Mustafa Kemal Atatürk’ün Türkiye Cumhuriyeti’nde, Türk Dünyasında milyonlarca seveni olduğu gibi sevmeyen düşmanları da alenen ortadadır. Kimi etnik kuyruk açısından, kimi din istismarı alanını genişletmek adına, kimi de emperyalist projelerde Türkiye Cumhuriyeti’ni bölüp parçalamak adına Atatürk’ün miraslarına, düşüncelerine düşmanlık beslemektedir. Böyle bir düşmanlıkta zaten doğal değil mi? Böylelerine “Niye Atatürk’e düşmanlık yapıyorsun?” diye sormanın bir manası var mı? Böyleleri düşmanlığını açıktan yapacak ki Türkiye Cumhuriyeti’ni korumak, yaşatmak isteyenler her daim teyakkuz halinde olsun…
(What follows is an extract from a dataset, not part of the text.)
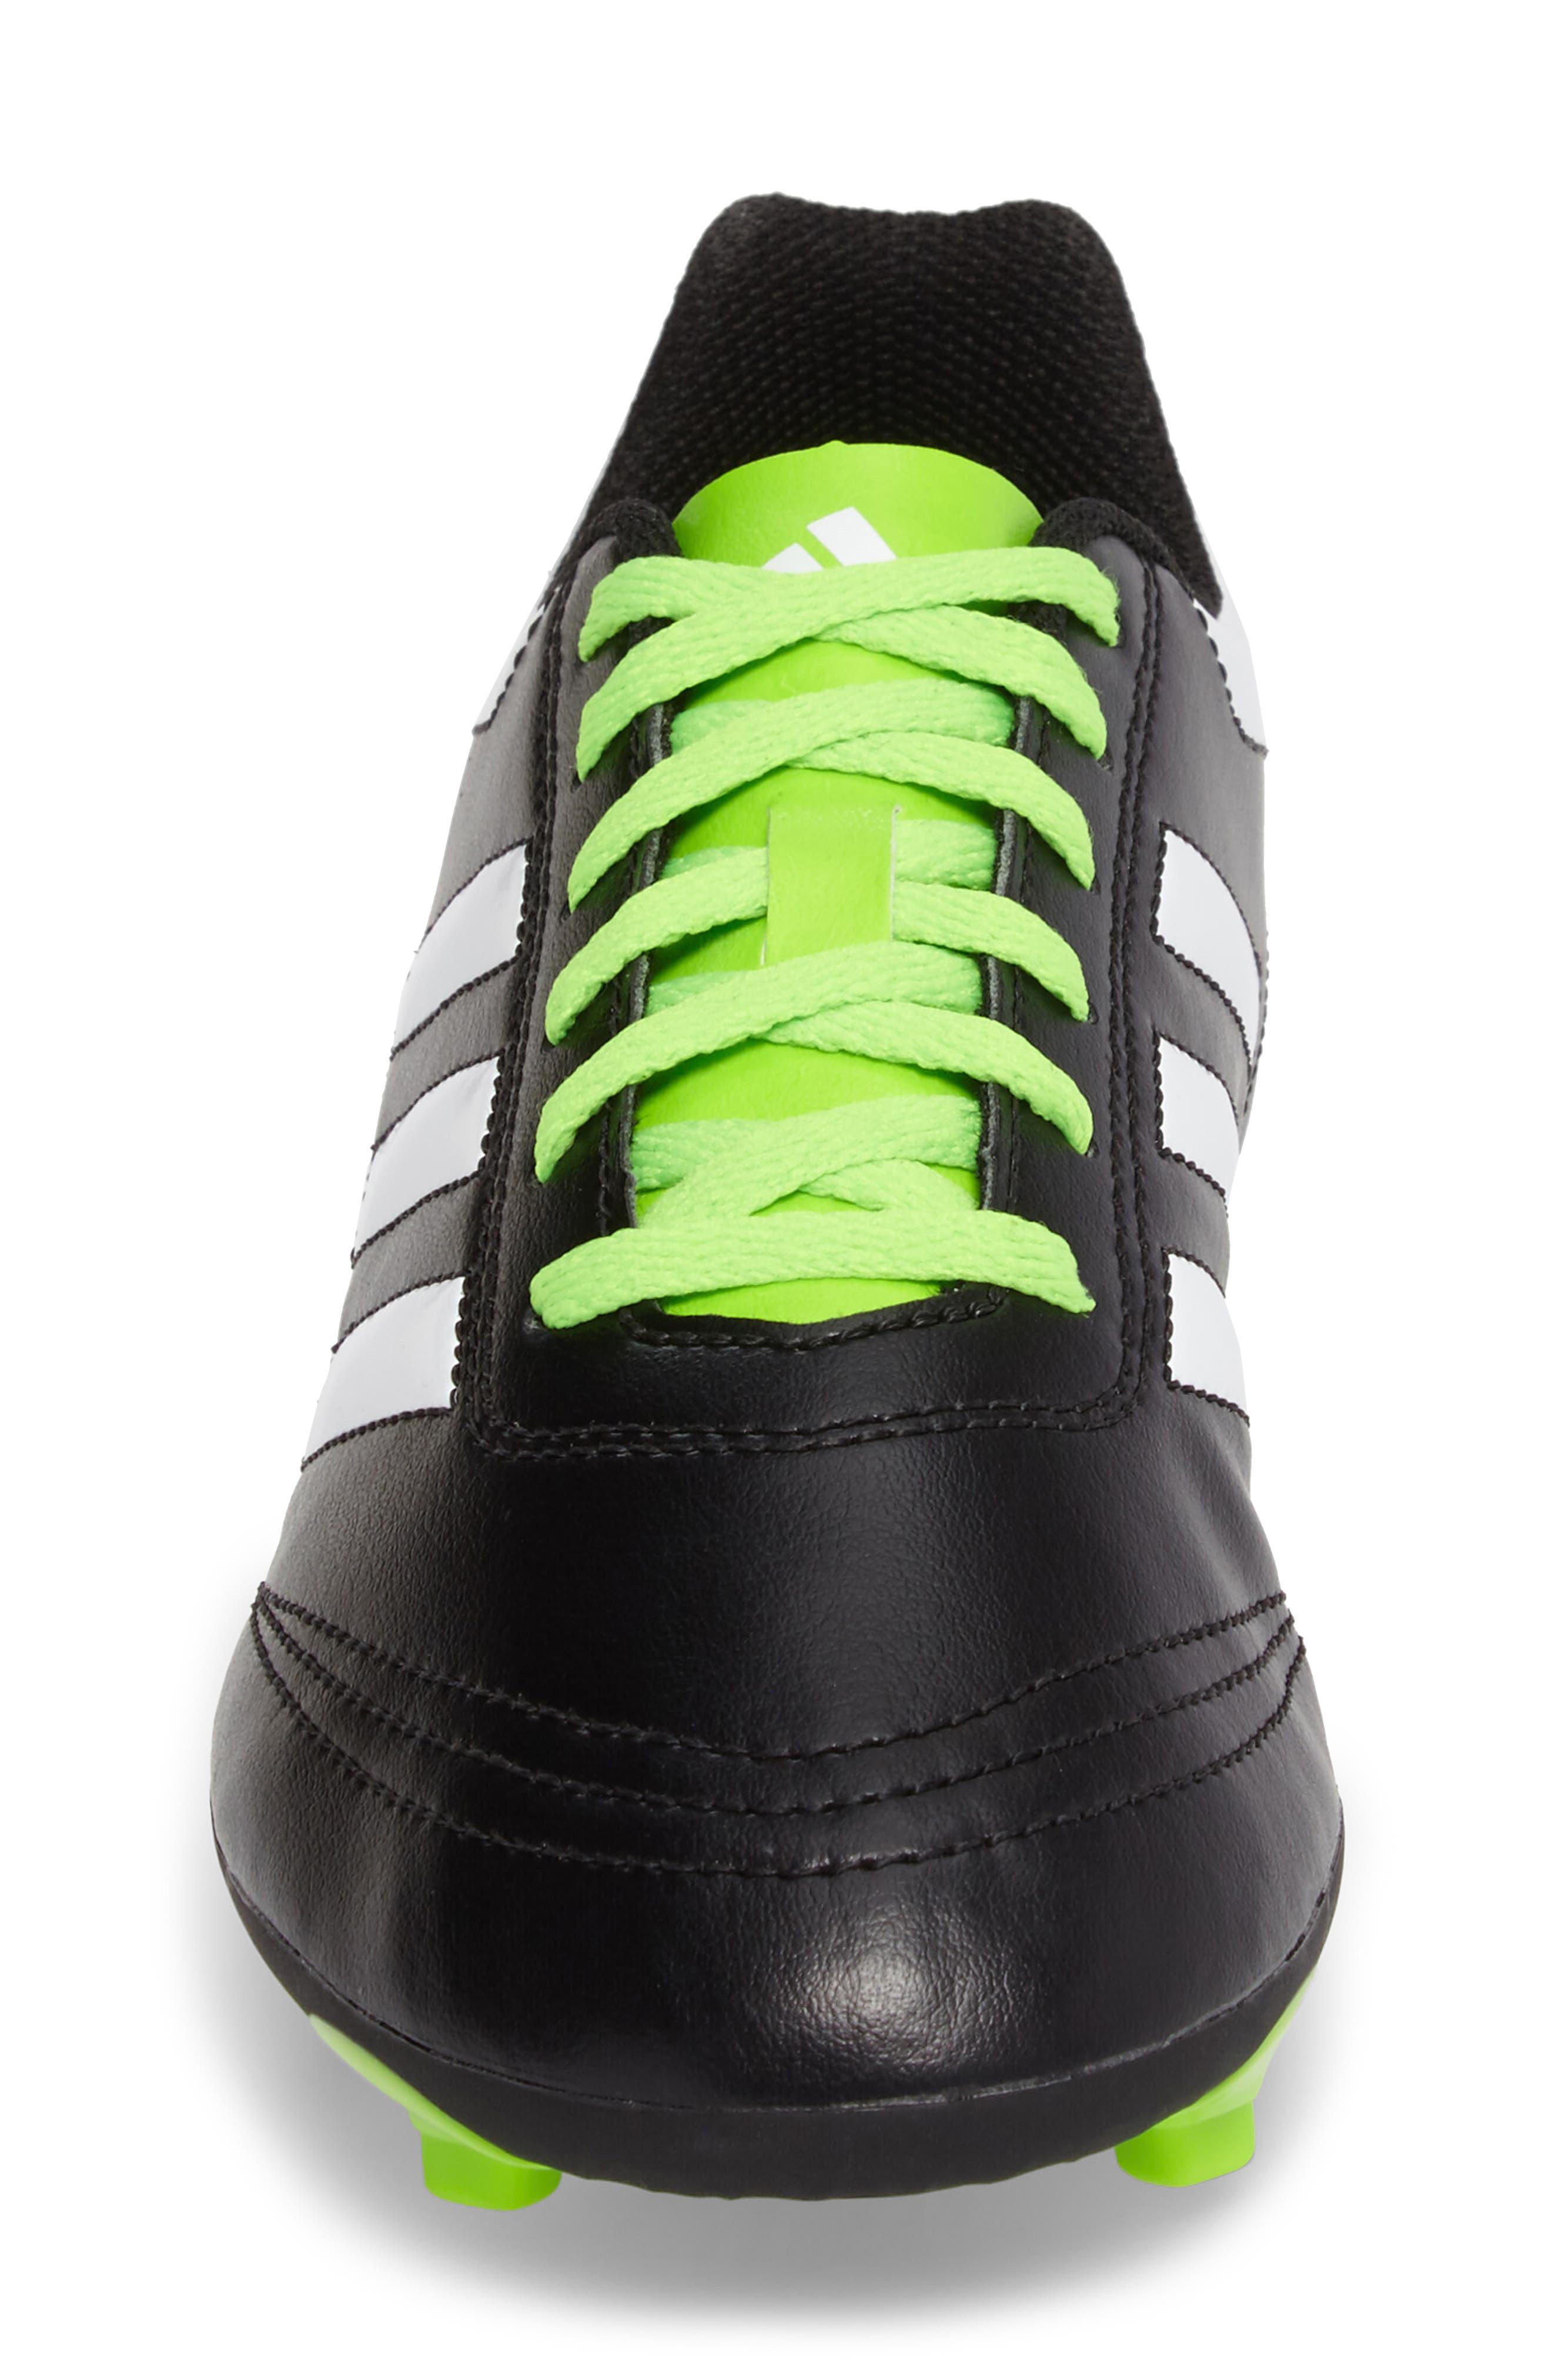 Alternate Image 4  - adidas Goletto VI Soccer Shoe (Toddler, Little Kid & Big Kid)

Biz Atatürk’ün ismini duyunca, fotoğrafını görünce, onun miraslarının anlamını idrak ettikçe huzur buluyoruz ama onun ismini duyunca, resmini görünce kuduran, miraslarından bahsedince ruhsal bunalıma girenlerin, Cumhuriyet’i yaşatmak adına teyakkuz halinde olacaklara da katkısını asla yabana atmamak gerekiyor.

Atatürk her insan gibi faniydi. Onun değerli fikirleri, emanet bıraktığı mirasları sonsuza kadar yaşatılacak olması onu ölümsüz kılacaktır.

10 Kasımlar hüzünleri artırmak için değil, milli şuuru yükseltmek için yoğunlaşacak, Atatürk’ün bıraktığı bu yeryüzü cennet vatanın kolay kurulmadığını, kurulurken yapılmış inkılaplarla nasıl ileri medeniyetler seviyesine gelecek şekilde harmanlandığını ve bunun devamlılığını sağlamak için neler yapılması gerektiğinin düşünülmesi gerektiği günler olmalıdır. Şekilcilikten, donukluktan uzak özüyle anlatılacak Atatürk’e Türk milletinin ihtiyacı vardır. Yüce Türk, ruhun şad olsun!